EXTRACTED INFORMATION
..........
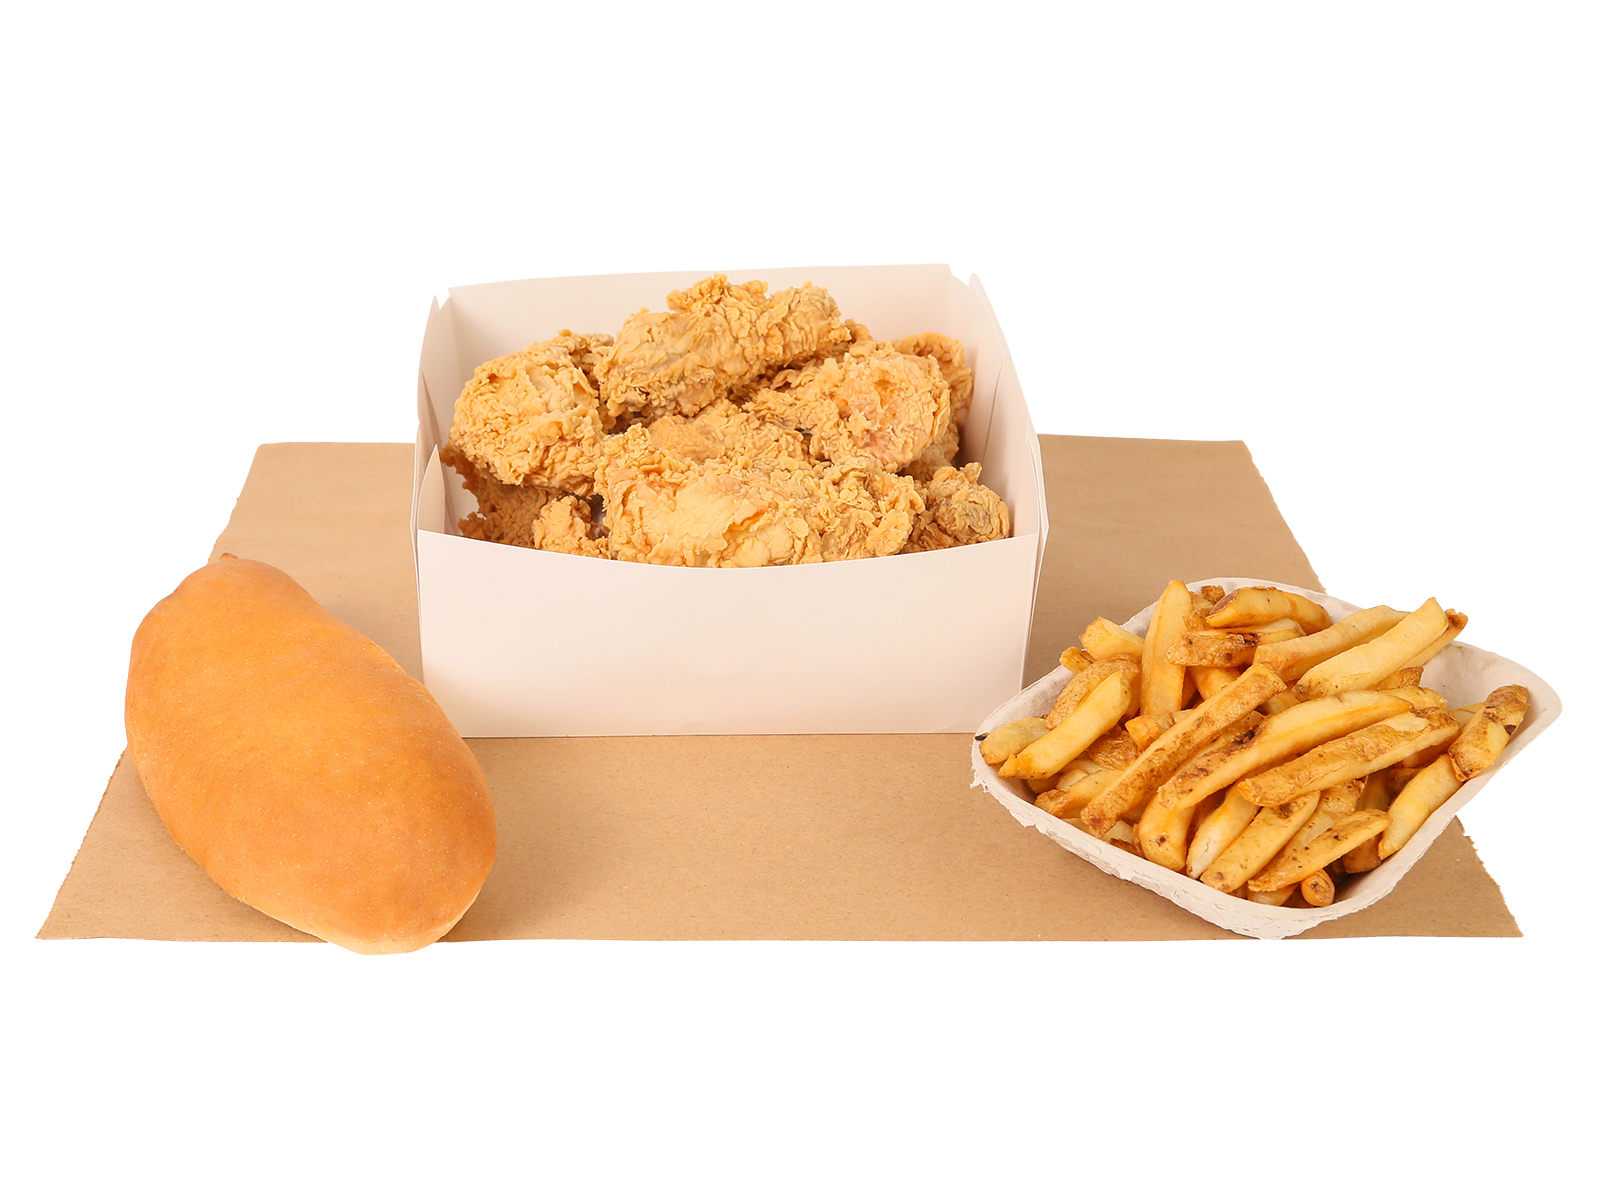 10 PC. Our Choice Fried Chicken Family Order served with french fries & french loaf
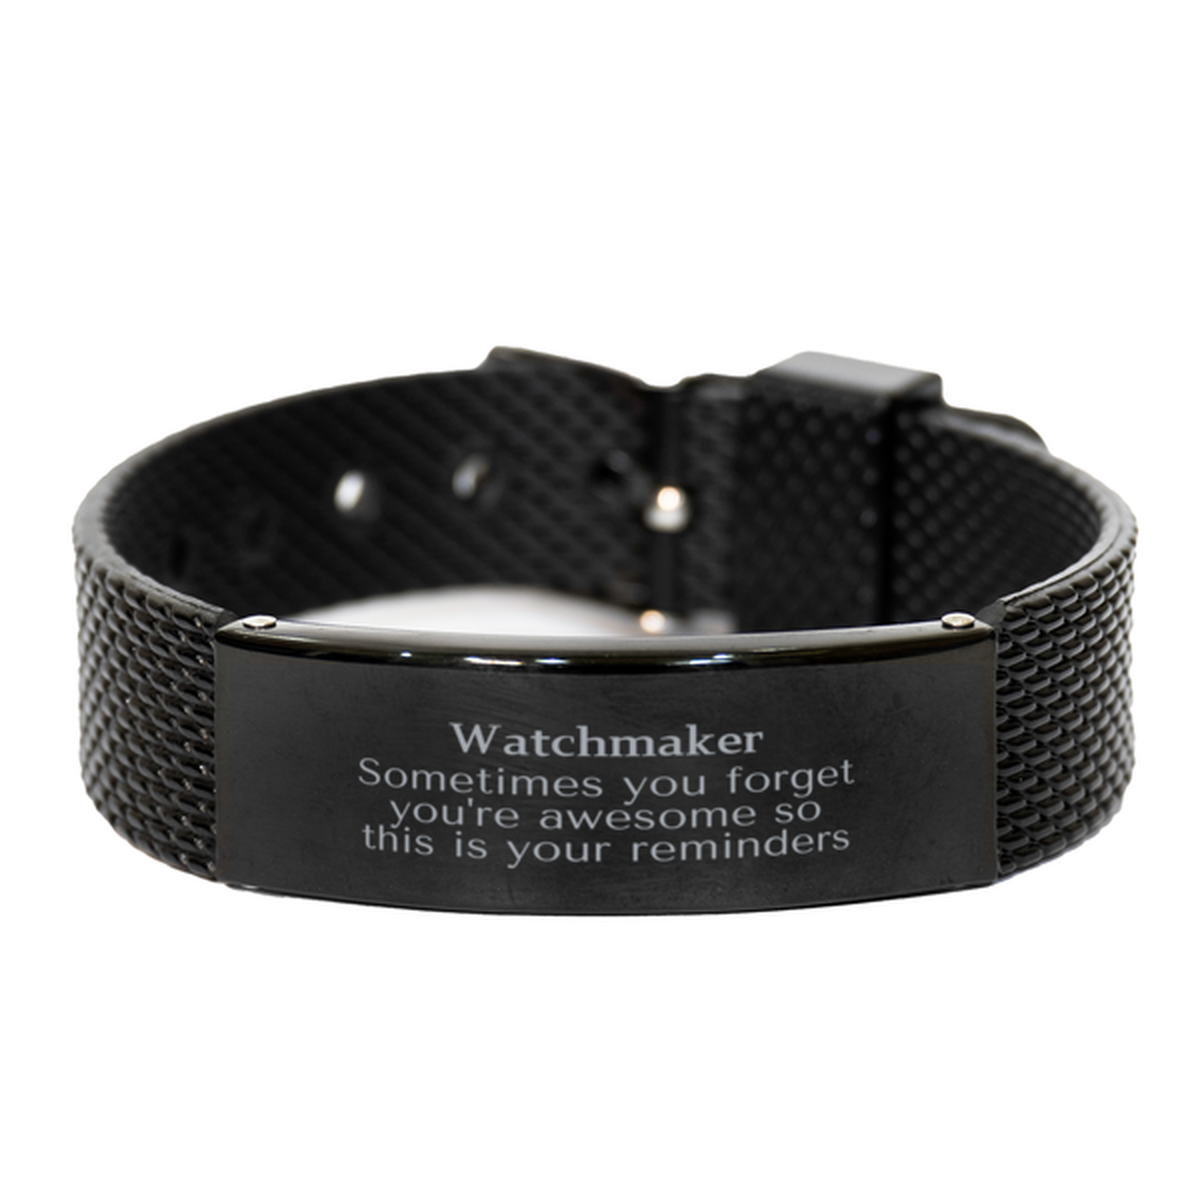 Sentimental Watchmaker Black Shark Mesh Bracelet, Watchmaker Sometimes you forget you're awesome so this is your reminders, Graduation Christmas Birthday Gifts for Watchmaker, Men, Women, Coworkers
..........
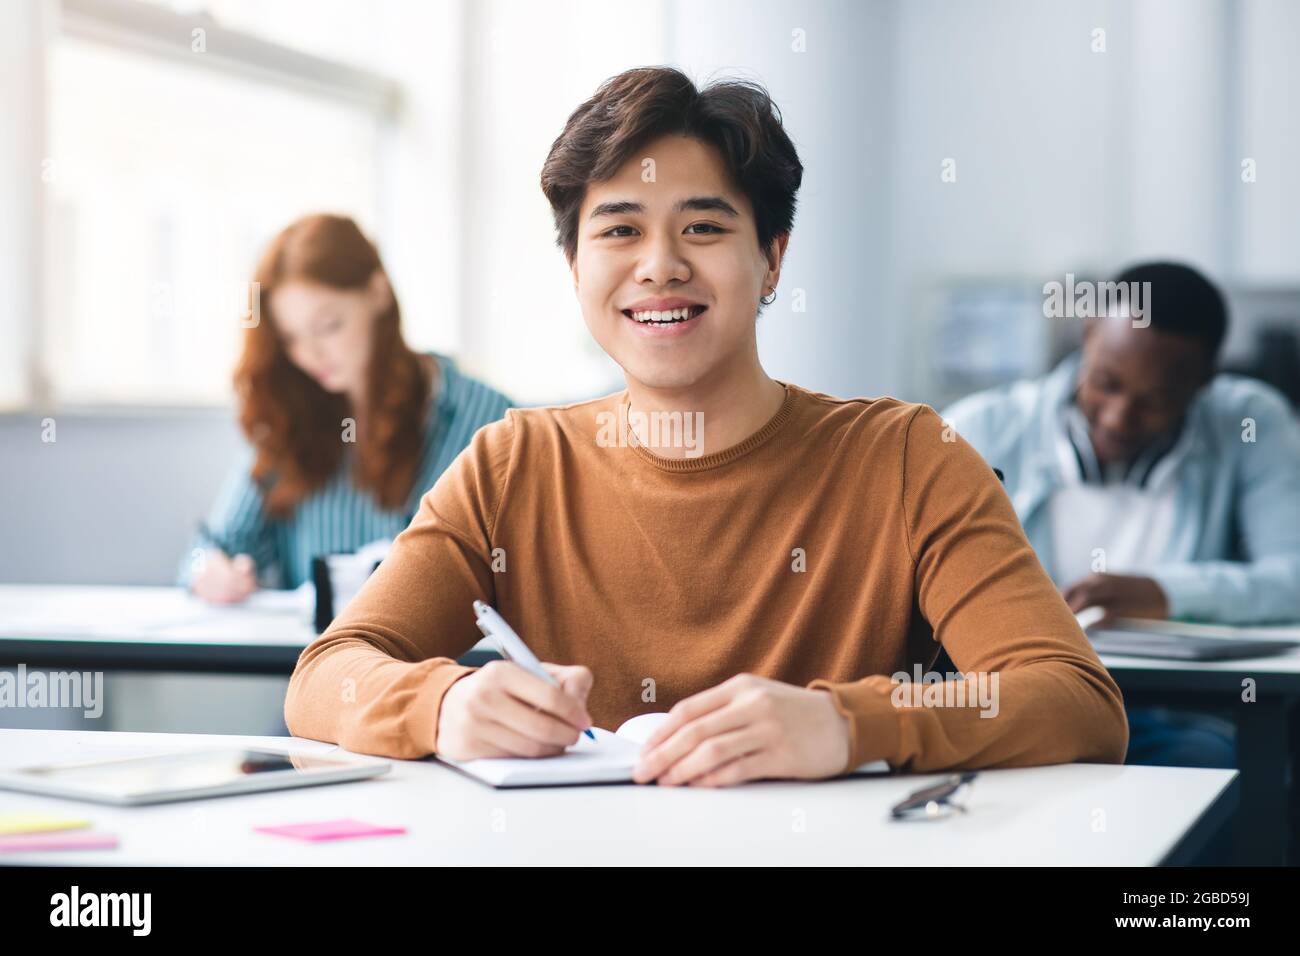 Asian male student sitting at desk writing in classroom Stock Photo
..........
ASSIGNMENT
Starting at the line above that holds "10 PC. Our Choice", repeat every line exactly down to and including the line that holds "Sentimental Watchmaker Black", then stop. Do not carry over any pictures.

TASK RESULT
 10 PC. Our Choice Fried Chicken Family Order served with french fries & french loaf
 Sentimental Watchmaker Black Shark Mesh Bracelet, Watchmaker Sometimes you forget you're awesome so this is your reminders, Graduation Christmas Birthday Gifts for Watchmaker, Men, Women, Coworkers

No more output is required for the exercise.